WHAT YOU SHOULD DO:
The answer is the first line of the listing and every line after it through the one containing "IMPACT16 to Feature", exact, with pictures removed.

PROVIDED DATA:
::::

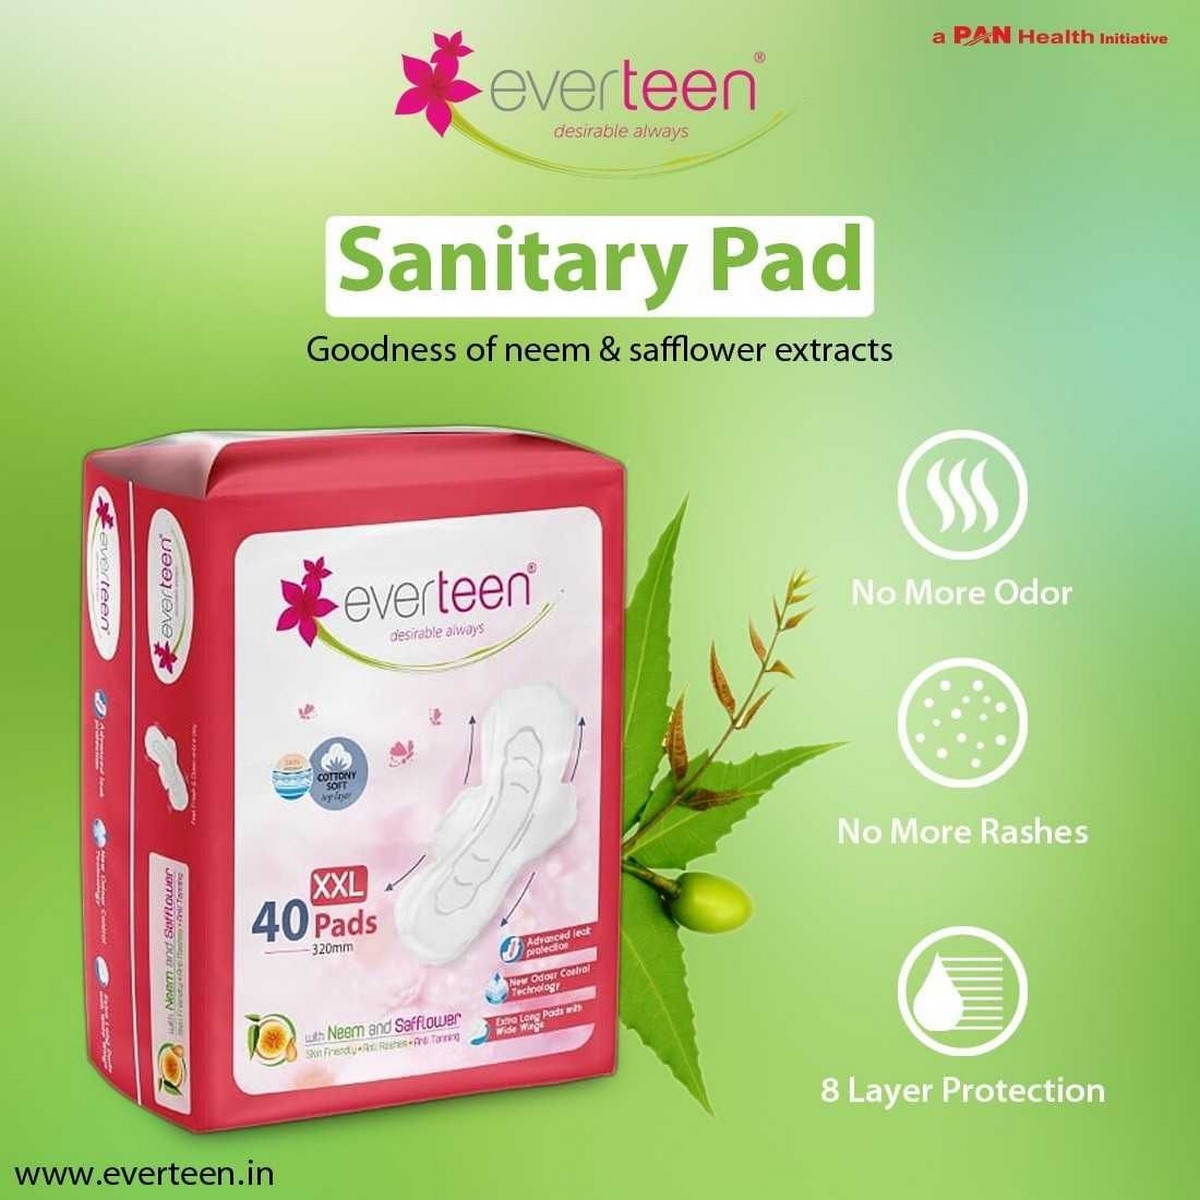 Everteen XXL Sanitary Napkin Pads with Cottony Soft Top Layer 40 pads 320 mm  everteen XXL Sanitary Napkin Pads with Cottony Soft Top Layer for Women Enriched with Neem and Safflower 1 Pack 40 Pads 320mm3 1
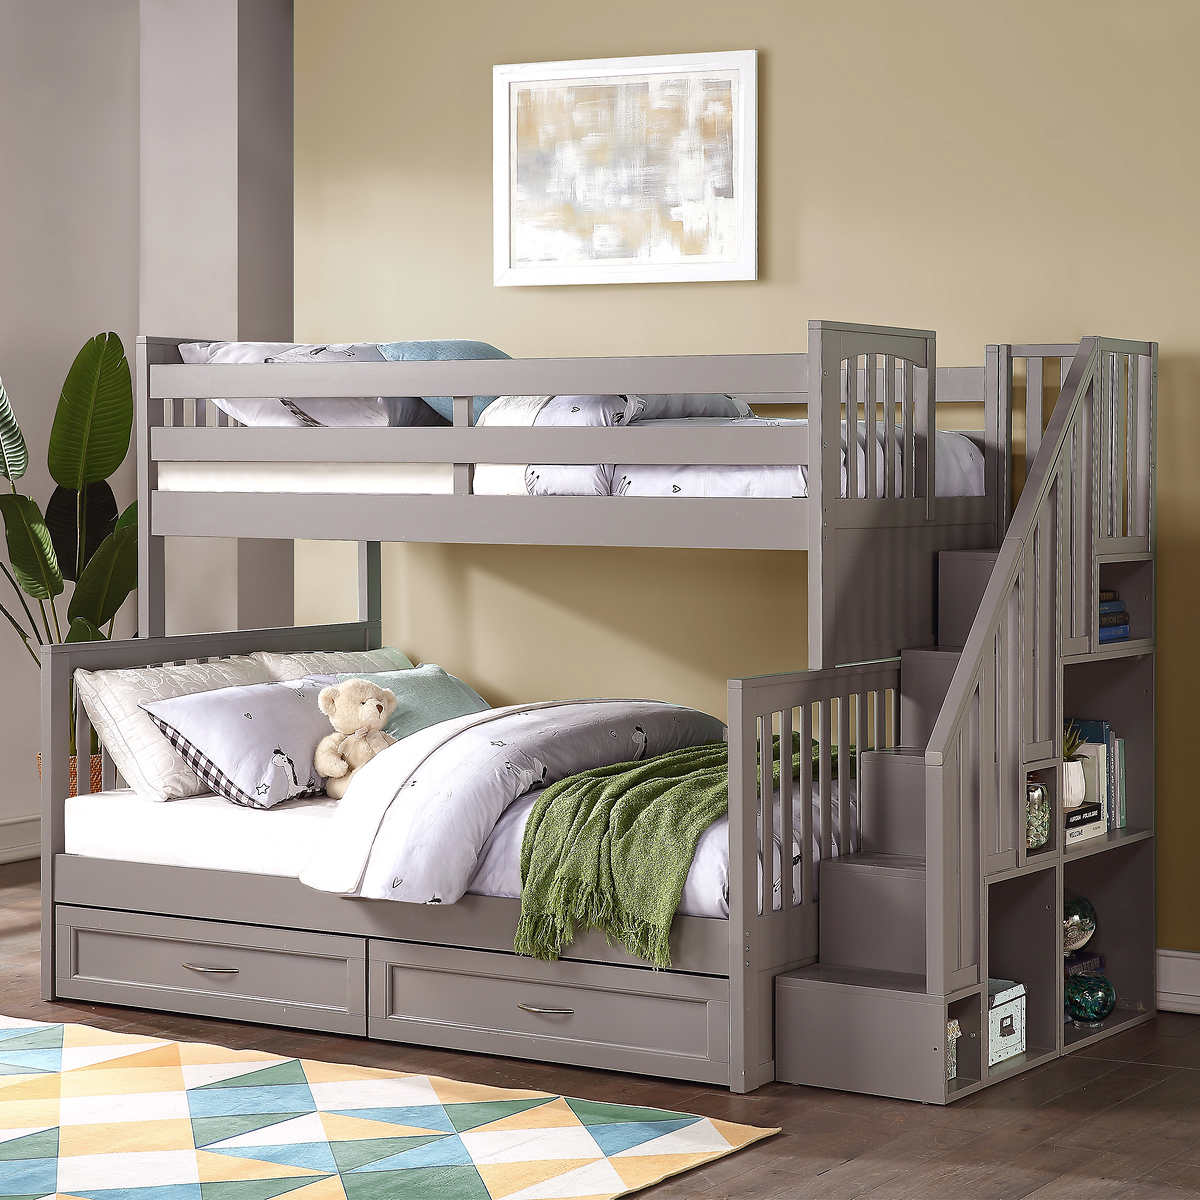 Vandalay Twin Over Double Bunk Bed With, Best Twin Over Bunk Beds With Stairs
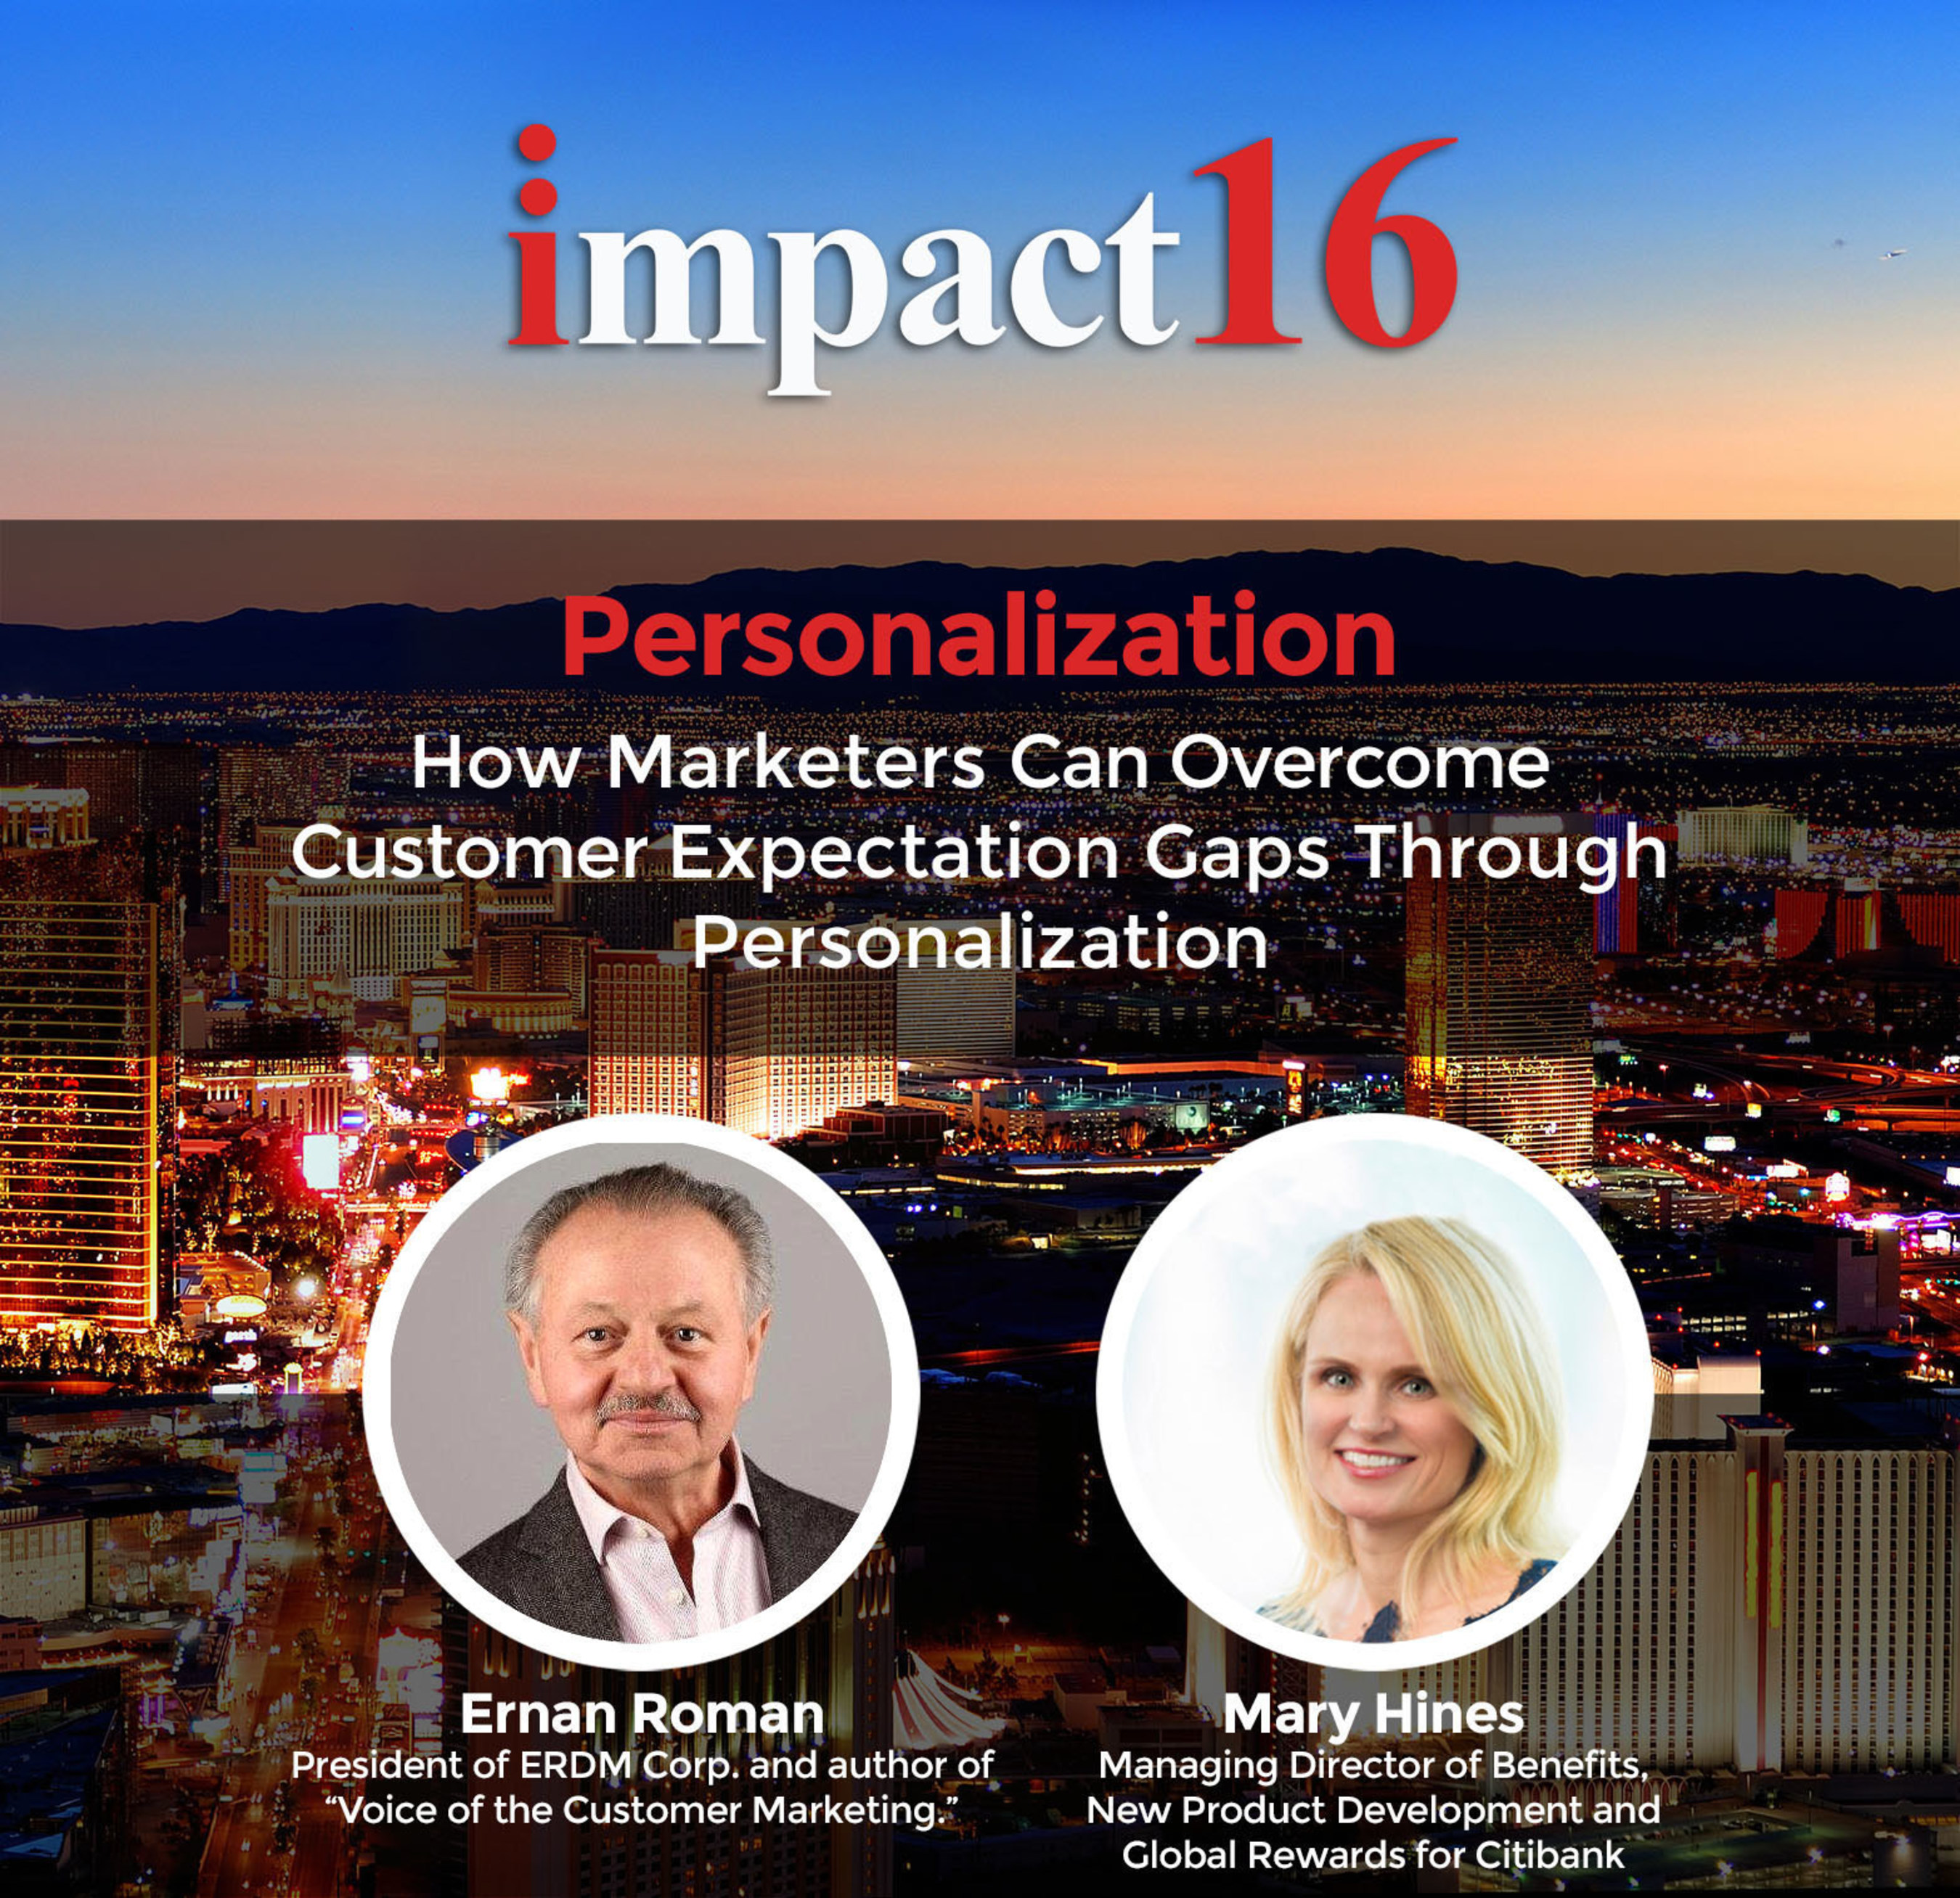 IMPACT16 to Feature Presentation on How Marketers Can Overcome Customer Expectation Gaps Through Personalization
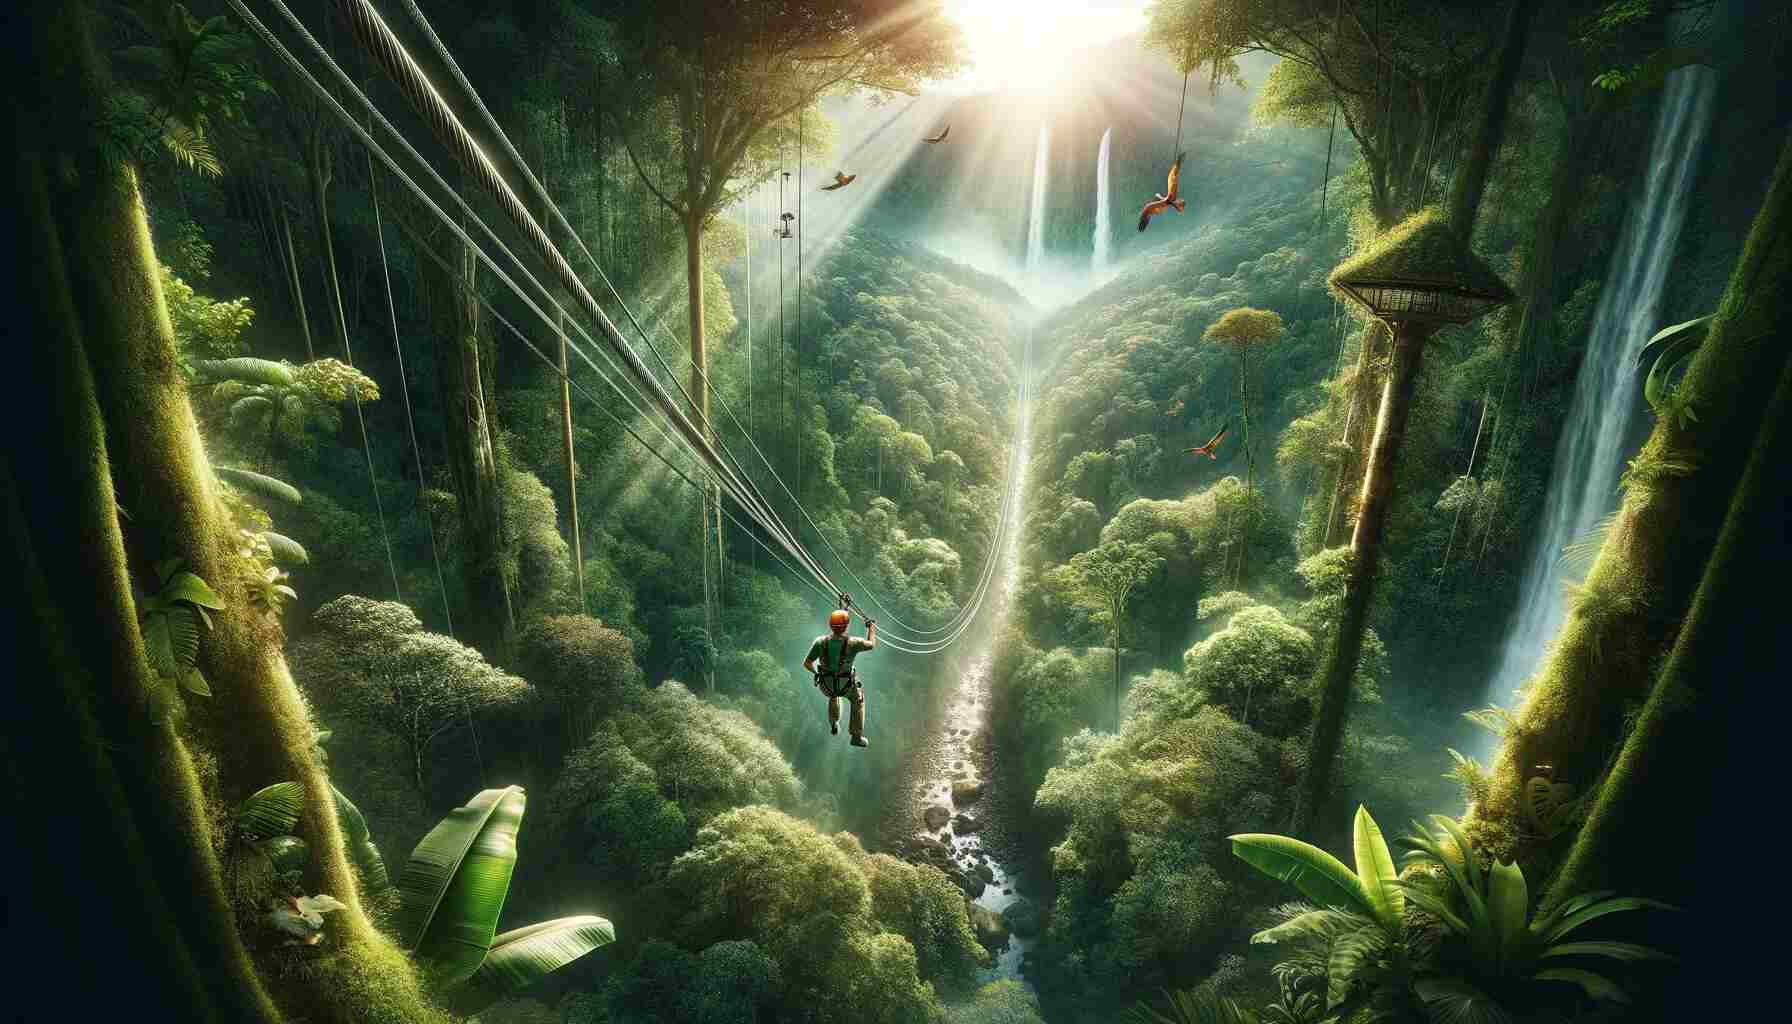 The author of this article ziplining over a lush rainforest canopy, with sunlight filtering through towering trees and a distant waterfall visible in the background. The scene is vibrant with tropical foliage, exotic birds, and a sense of exhilarating speed and height.

::::

THE COMPLETED TASK:
 Everteen XXL Sanitary Napkin Pads with Cottony Soft Top Layer 40 pads 320 mm  everteen XXL Sanitary Napkin Pads with Cottony Soft Top Layer for Women Enriched with Neem and Safflower 1 Pack 40 Pads 320mm3 1
 Vandalay Twin Over Double Bunk Bed With, Best Twin Over Bunk Beds With Stairs
 IMPACT16 to Feature Presentation on How Marketers Can Overcome Customer Expectation Gaps Through Personalization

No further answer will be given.